Materials and methods

Subcutaneous infusion of angiotensin II using ALZET osmotic minipumps

C57BL/6 mice were purchased from The Jackson Laboratory. All of the experiments were performed under the guidelines of the Boston University Institutional Animal Care and Use Committee (protocol AN-15037). Alzet osmotic miniature pumps (model 2002) delivering angiotensin II (Sigma-Aldrich, St. Louis, MO, USA) at a rate of 1,000 ng/kg/min (pressor dose) or 2,000 ng/kg/min, or PBS, were implanted subcutaneously on the backs of 8-week-old mice. After 14 days, mice were killed, and the skin surrounding the pump outlet was collected by using an 8-mm-diameter punch biopsy device.

Gomori Trichrome staining

Gomori Trichrome staining was used to detect collagen fibers and collagen deposition in the mouse skin.
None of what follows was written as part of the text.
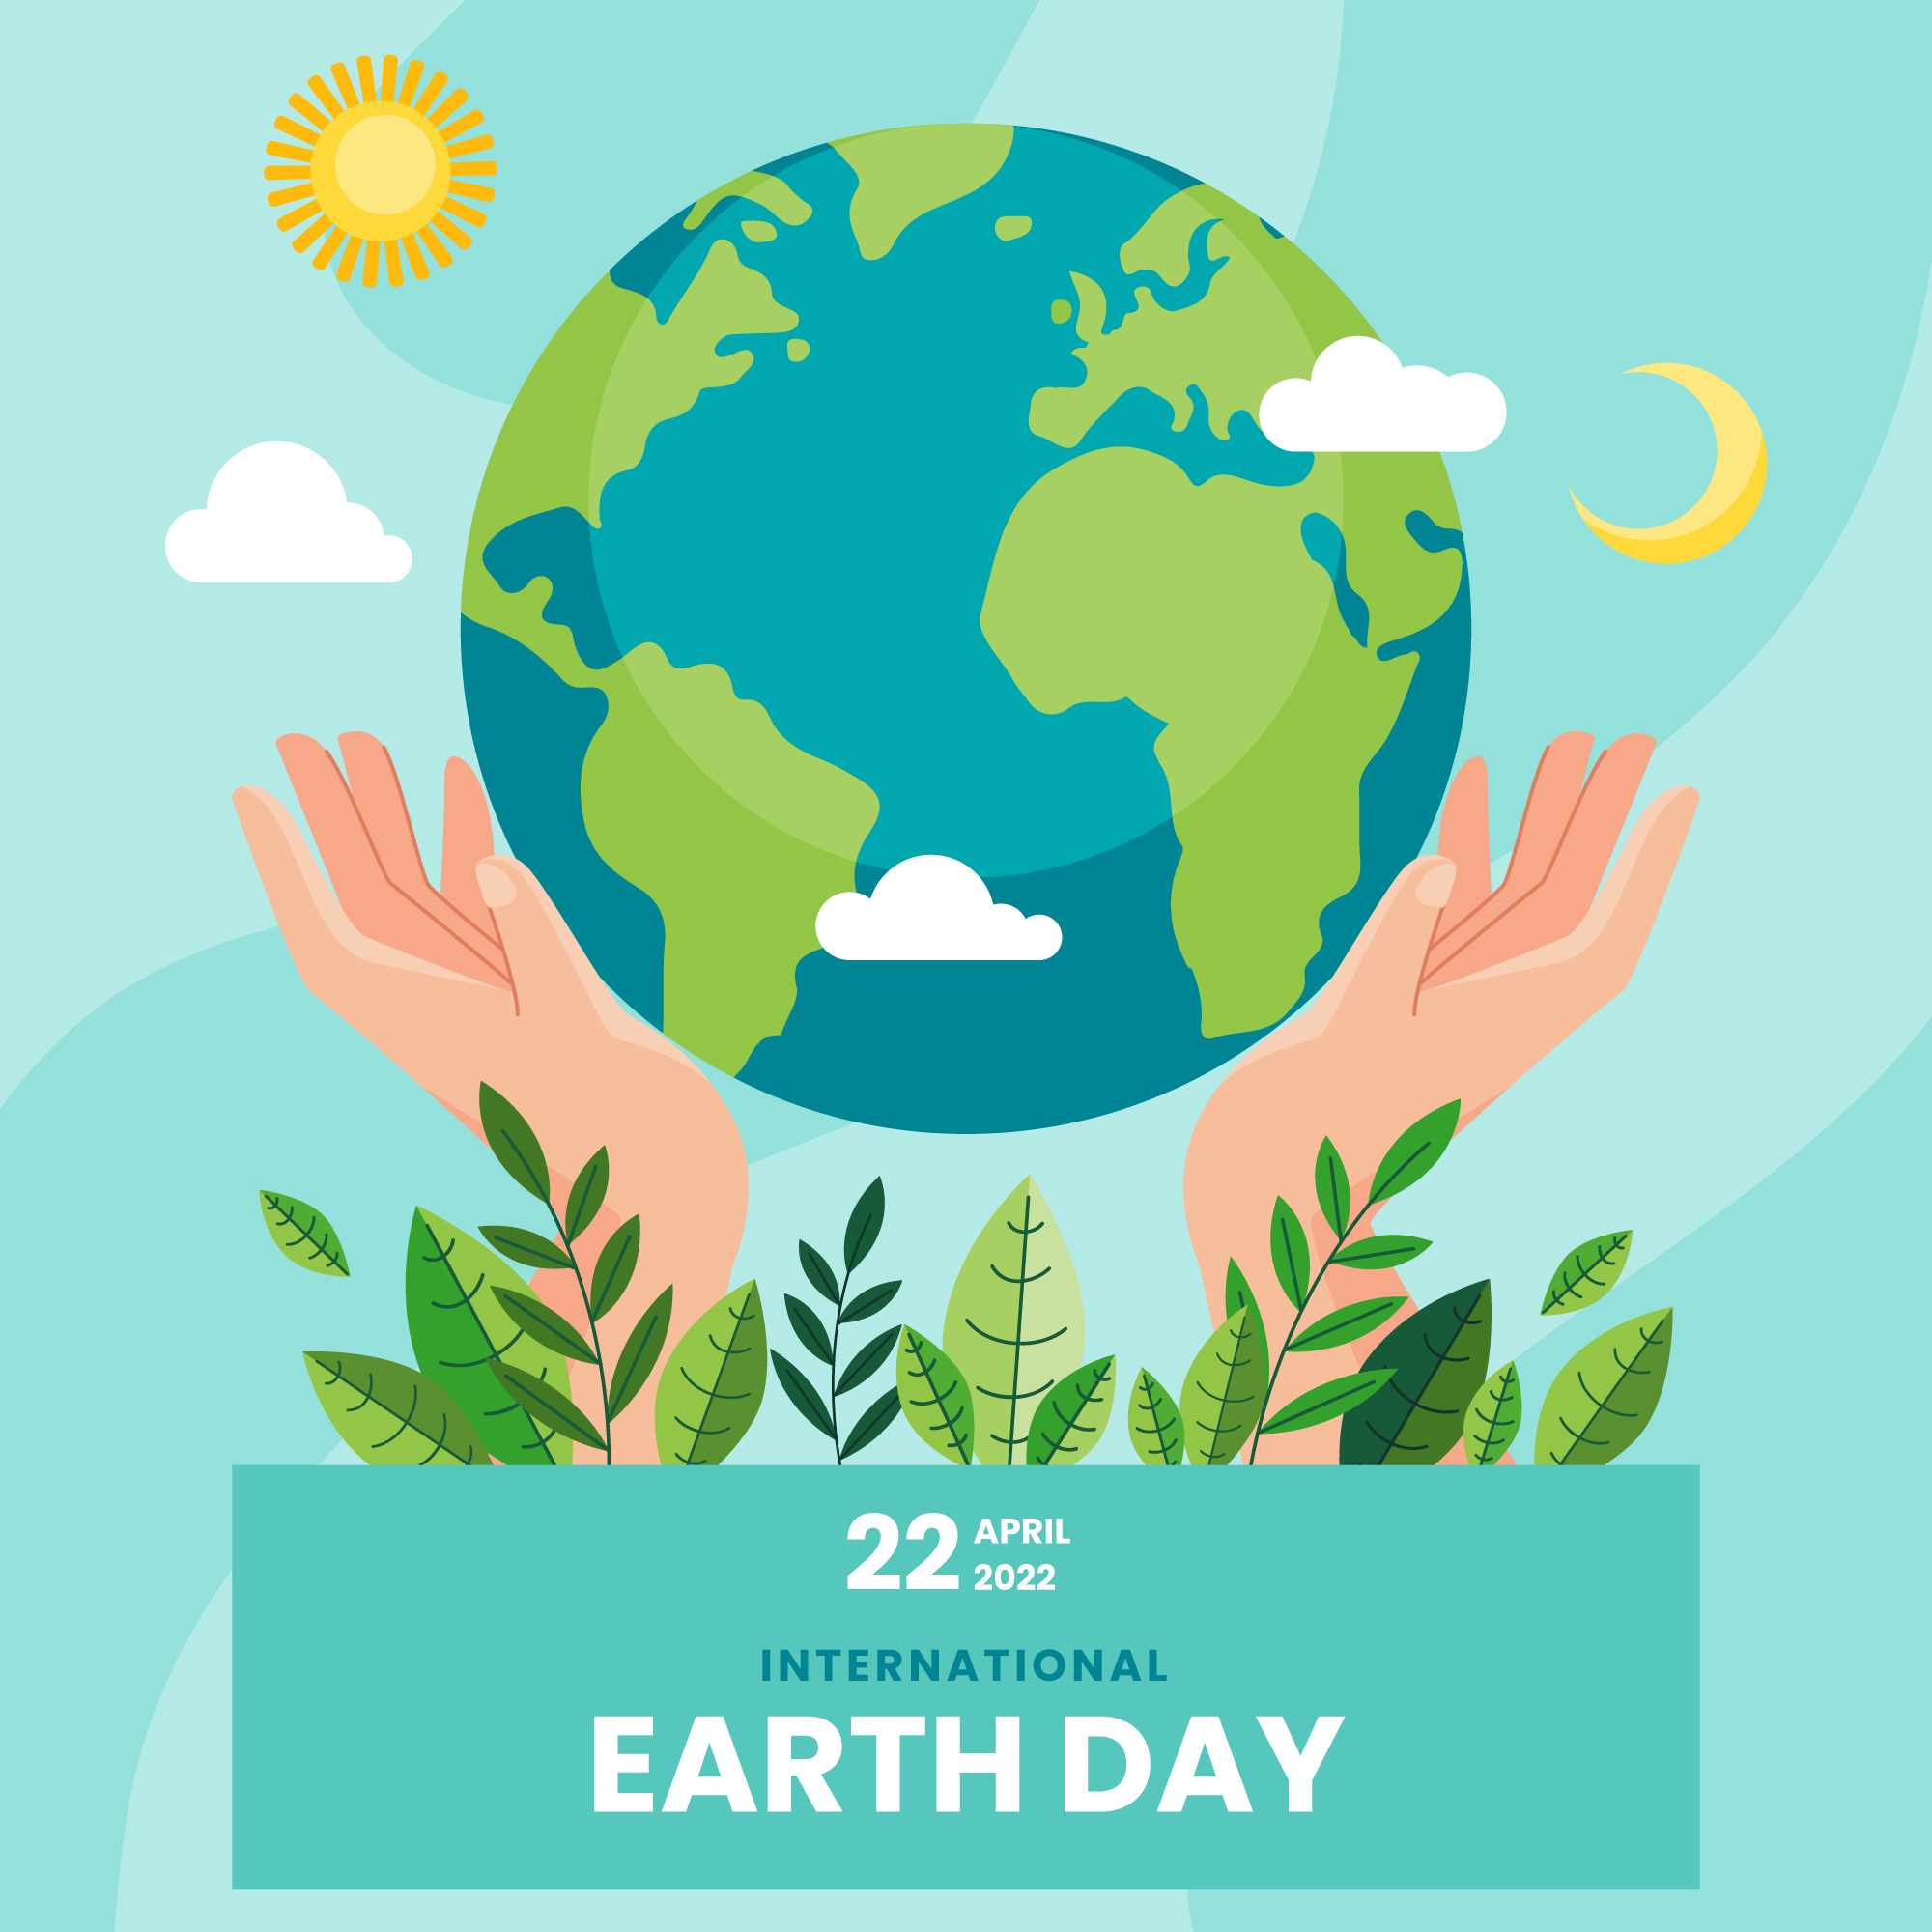 Một ngày nghĩ về trái đất Bạn có thể làm gì trong "Ngày Trái đất"

The skin samples were fixed in 4% paraformaldehyde for 24 hours and then processed for paraffin embedding. Staining was performed on 8-μm-thick paraffin sections by following the manufacturer's instructions (Chromaview, Dublin, OH, USA; Gomori Trichrome blue collagen Kit S7440-19). Collagen fibers were stained blue, nuclei were stained black, and the background was stained red.

Hydroxyproline assay

Collagen deposition was quantified by measuring total hydroxyproline content in 4-mm skin-punch biopsies obtained from PBS and Ang II infusion sites by using a previously described method with some modifications [17]. In brief, the skin samples were hydrolyzed with 6 M sodium hydroxide at 110°C for 12 hours. The hydrolyzate was then oxidized with oxidation buffer (one part 7% chloramine T and four parts of acetate citrate buffer) for 4 minutes at room temperature. Ehrlich aldehyde reagent was added to each sample, and the chromophore was developed by incubating the samples at 65°C for 25 minutes. Absorbance of each sample was read at 560 nm by using a spectrophometer. Results were expressed as total hydroxyproline content (in micrograms) per 0.1 g of tissue. A standard curve was performed for all hydroxyproline measurements by using known quantities of hydroxyproline.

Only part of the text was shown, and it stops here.